Have any of you actually used it? I used one as part of a paid study in Uni during my first year. Everyone in the study was in Programming 1 and had already completed a couple projects and several labs, yet almost nobody could complete a simple fucking input-output loop in the lego GUI (I was the only one who finished, but I was also the most experienced). The problem is that the GUI is so rigid that you can't even get your ideas down onto the screen. You also don't have a way to quickly select a function if you already know what you want. So if you know you want the print function, you still have to scroll through a sloppy toolbox to go get it instead of just typing it in.

tl;dr, Lego coding actually makes coding HARDER TO LEARN for EVERYONE. If you're worried that it'll encourage more people to enter the industry, worry no more. Lego coding is certain to SCARE PEOPLE AWAY. Languages like Python or Ruby are far more of a threat to your elite ivory tower than this shit is.

Oh yeah, and one more thing. These lego GUIs don't even really add more abstraction than a language like Python. They just replace the normal function names with more "English sounding" phrases and words, and make refactoring a bitch.

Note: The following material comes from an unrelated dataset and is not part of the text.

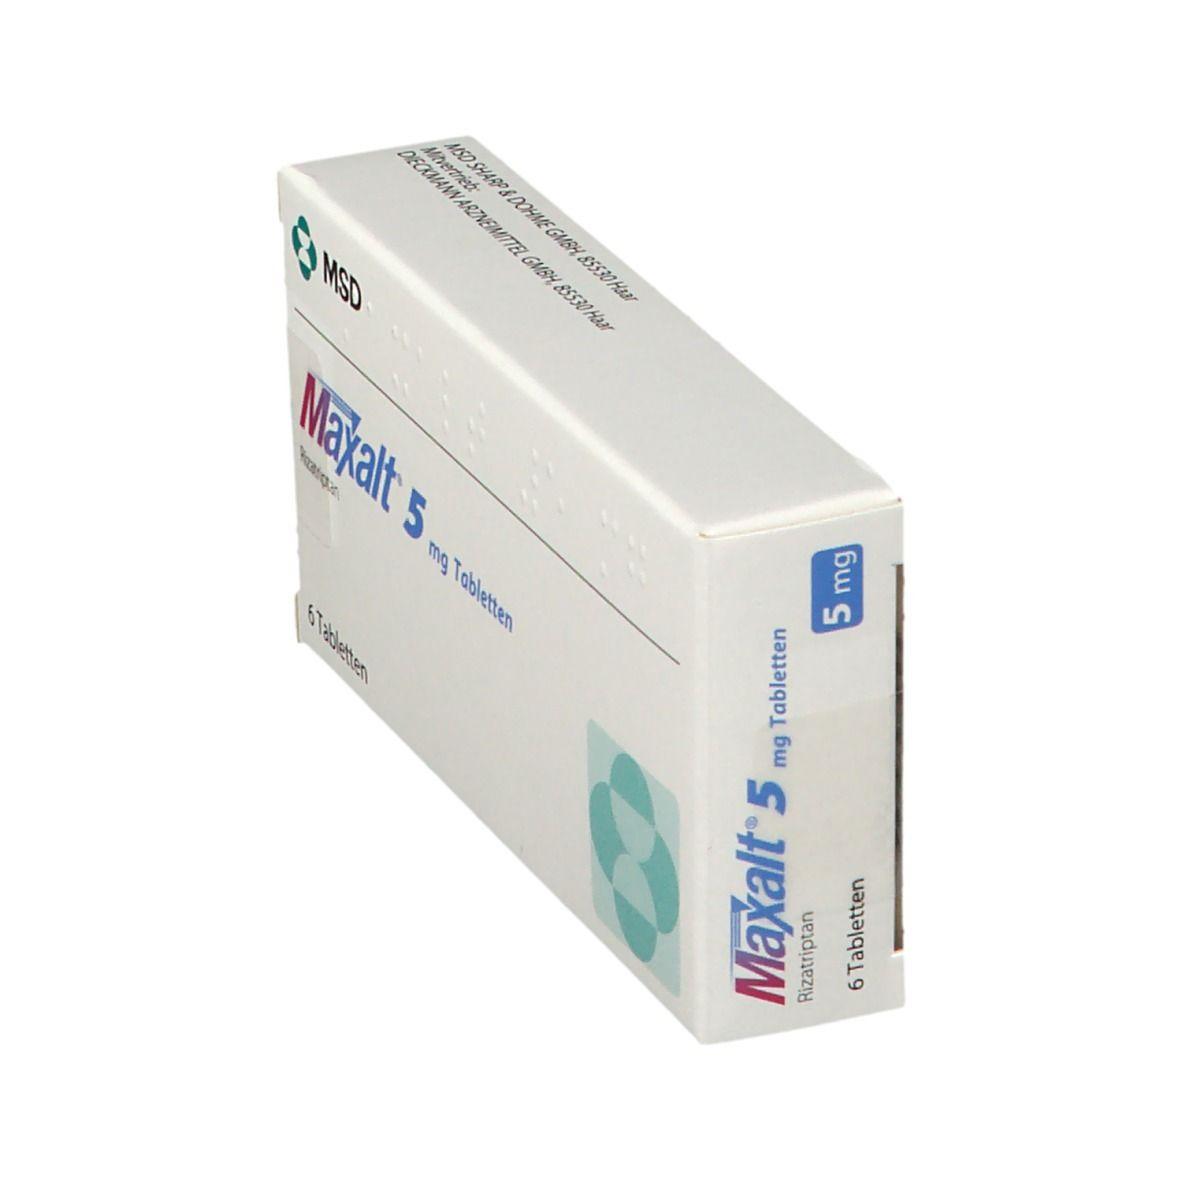 Maxalt 5 mg Tabletten

That is solved very easily by adding search box to GUI.

Just to be clear, I was talking about LOGO, some younger people here might not know what that was.
en.wikipedia.org/wiki/Logo_(programming_language)

Your problem was that you had ideas of your own. Those restriction and the lack of abstractions are part of what makes these environments easier to use for women and IQ 85 people. Those people don't think (they can't) they just follow instructions and change a value here and there.

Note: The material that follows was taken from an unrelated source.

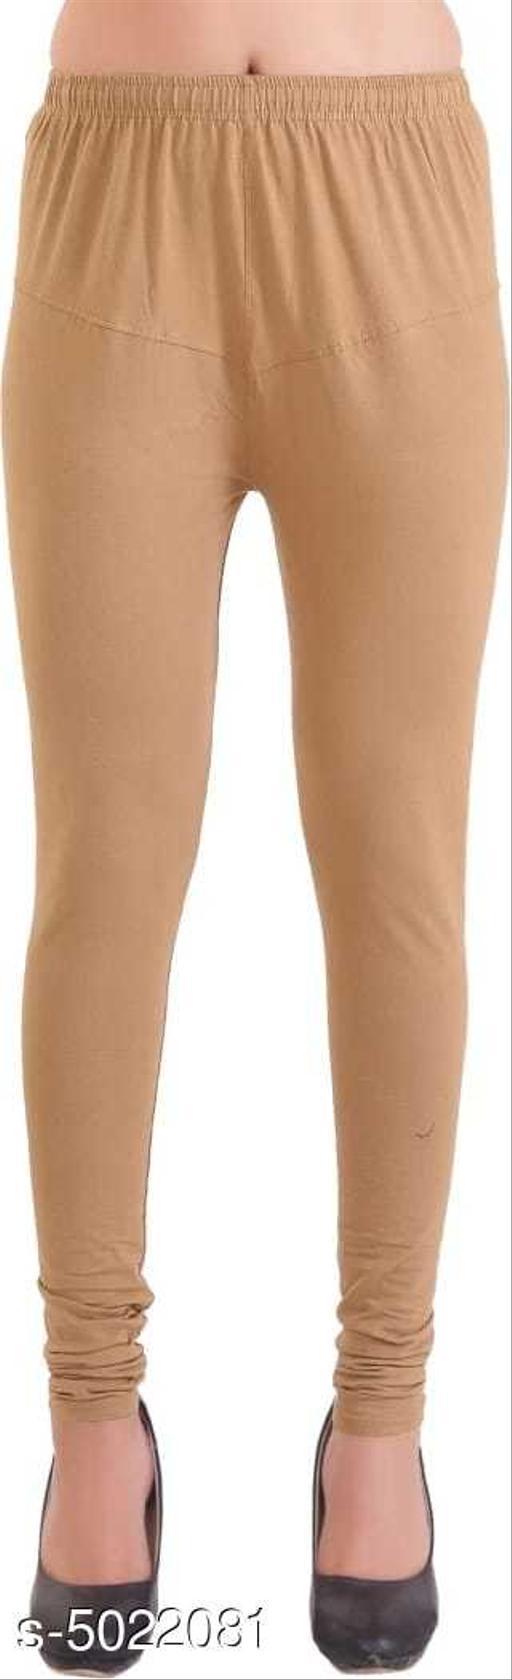 Classy Women's  Leggings

I've tried using scratch, it's needlessly hard, nothing is where it should be and everything is too loose to be useful for a beginner. Game Maker's drag and drop was pretty good, it shows you exactly where your stuff needs to go, doesn't give you too many hints off the bat (so your brain actually has to work a bit) and you could mix in drag and drop blocks and code (including putting code in drag and drop blocks) so the change from visual to real code is waaaaay smoother.

We used that on Apple //e computers in first and second grade. Good times.

are you implying women are (sub) IQ 85?